All of the images come bundled with the same set of SSH keys for user equivalence. Note that this setup isn't meant to be run in secure environments.
To create a cluster with a Namenode, Yarn server, and 3 Datanode’s issue the following docker run commands.

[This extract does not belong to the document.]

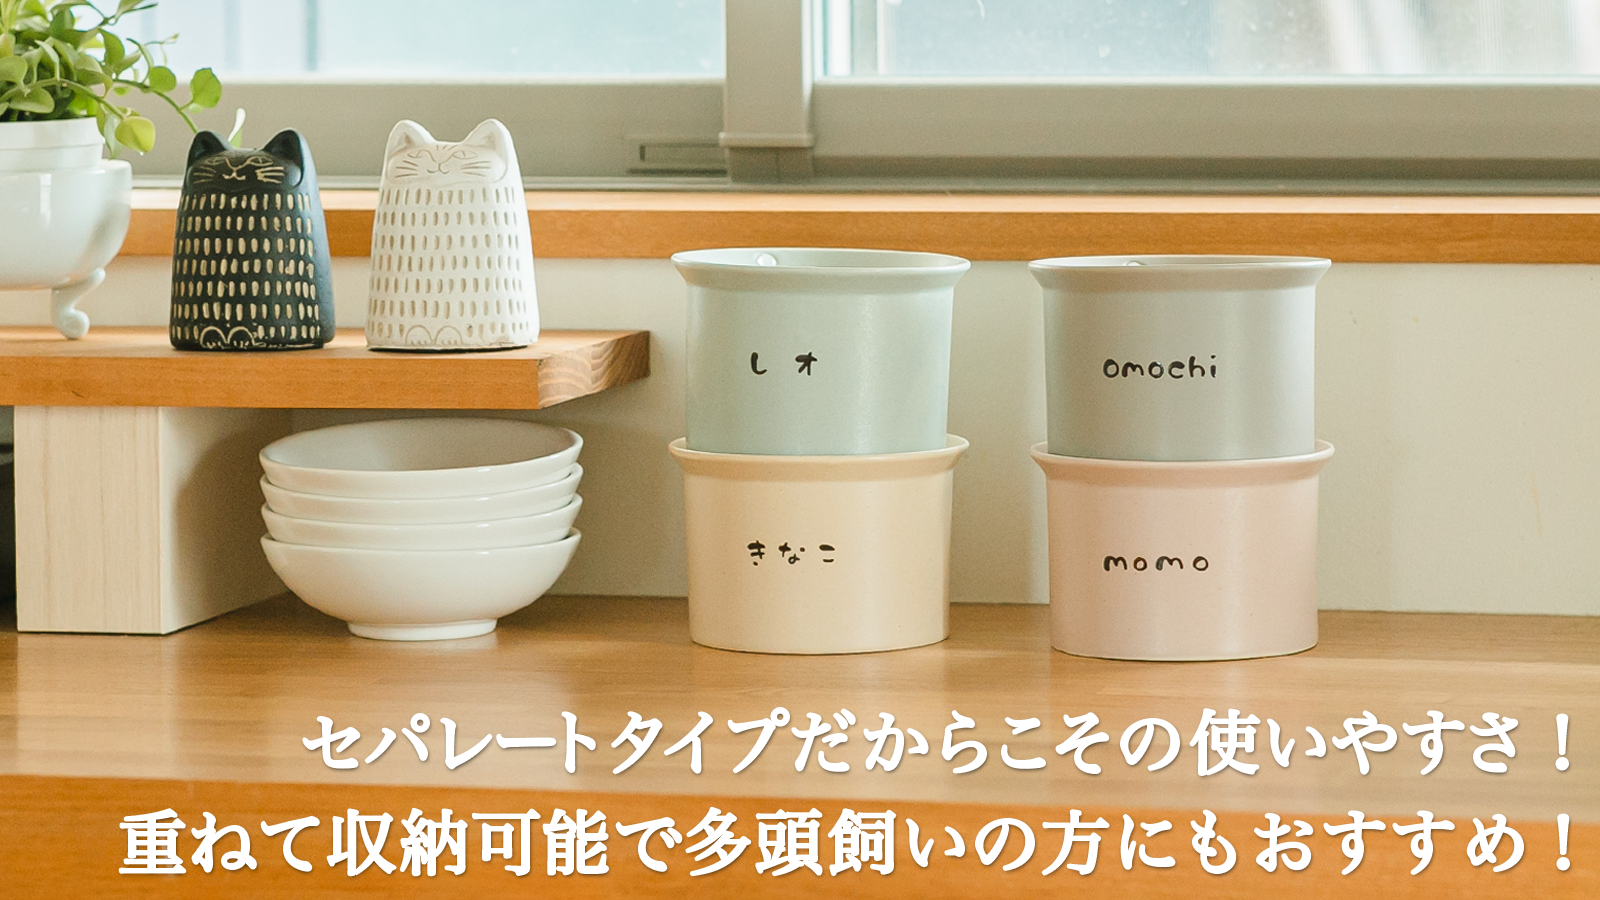 キッチンカウンターに並んだねこ茶碗の画像。左端には黒と白の猫の置物が置かれ、その下には白い積み重ねたねこ茶碗がある。中央には「レオ」と名入れされた水色の台座とその下には「きなこ」と名入れされたベージュの台座、右端には「omochi」と名入れされたグレーのねこ茶碗とその下には「momo」と名入れされたピンクの台座がある。画像の下部には「セパレートタイプだからこその使いやすさ！重ねて収納可能で多頭飼いの方にもおすすめ！」というテキストが添えられている。

docker network create hadoopnet
docker run -itd -p 50070:50070 --net=hadoopnet --name namenode portworx/namenode
docker run -itd -p 8088:8088 -p 19888:19888 --net=hadoopnet --name hadoop-yarn -e HADOOP_HOST_NAMENODE=[namenode] portworx/yarn
docker run -itd --net=hadoopnet --name hadoop-node1 -e HADOOP_HOST_NAMENODE=[namenode] -e HADOOP_HOST_YARN=[yarn] portworx/datanode
docker run -itd --net=hadoopnet --name hadoop-node2 -e HADOOP_HOST_NAMENODE=[namenode] -e HADOOP_HOST_YARN=[yarn] portworx/datanode
docker run -itd --net=hadoopnet --name hadoop-node3 -e HADOOP_HOST_NAMENODE=[namenode] -e HADOOP_HOST_YARN=[yarn] portworx/datanode
Viewing Web Interfaces
Namenode - http://[namenode]:50070
Resource Manager - http://[yarn]:8088
Job History - http://[yarn]:19888
#Running Hadoop examples:
docker exec -it [yarn instance] /bin/bash
Set PATH=$PATH:/usr/local/hadoop/bin HADOOP_PREFIX=/usr/local/hadoop
cd $HADOOP_PREFIX
hadoop jar $HADOOP_PREFIX/share/hadoop/mapreduce/hadoop-mapreduce-examples-2.7.1.jar teragen 10000 /teragen
hadoop jar $HADOOP_PREFIX/share/hadoop/mapreduce/hadoop-mapreduce-examples-2.7.1.jar randomwriter randomout
# Check output
bin/hdfs dfs -cat randomout/*
Acknowledgements & Support
Much of this work is based on the sequenceiq/hadoop-docker image.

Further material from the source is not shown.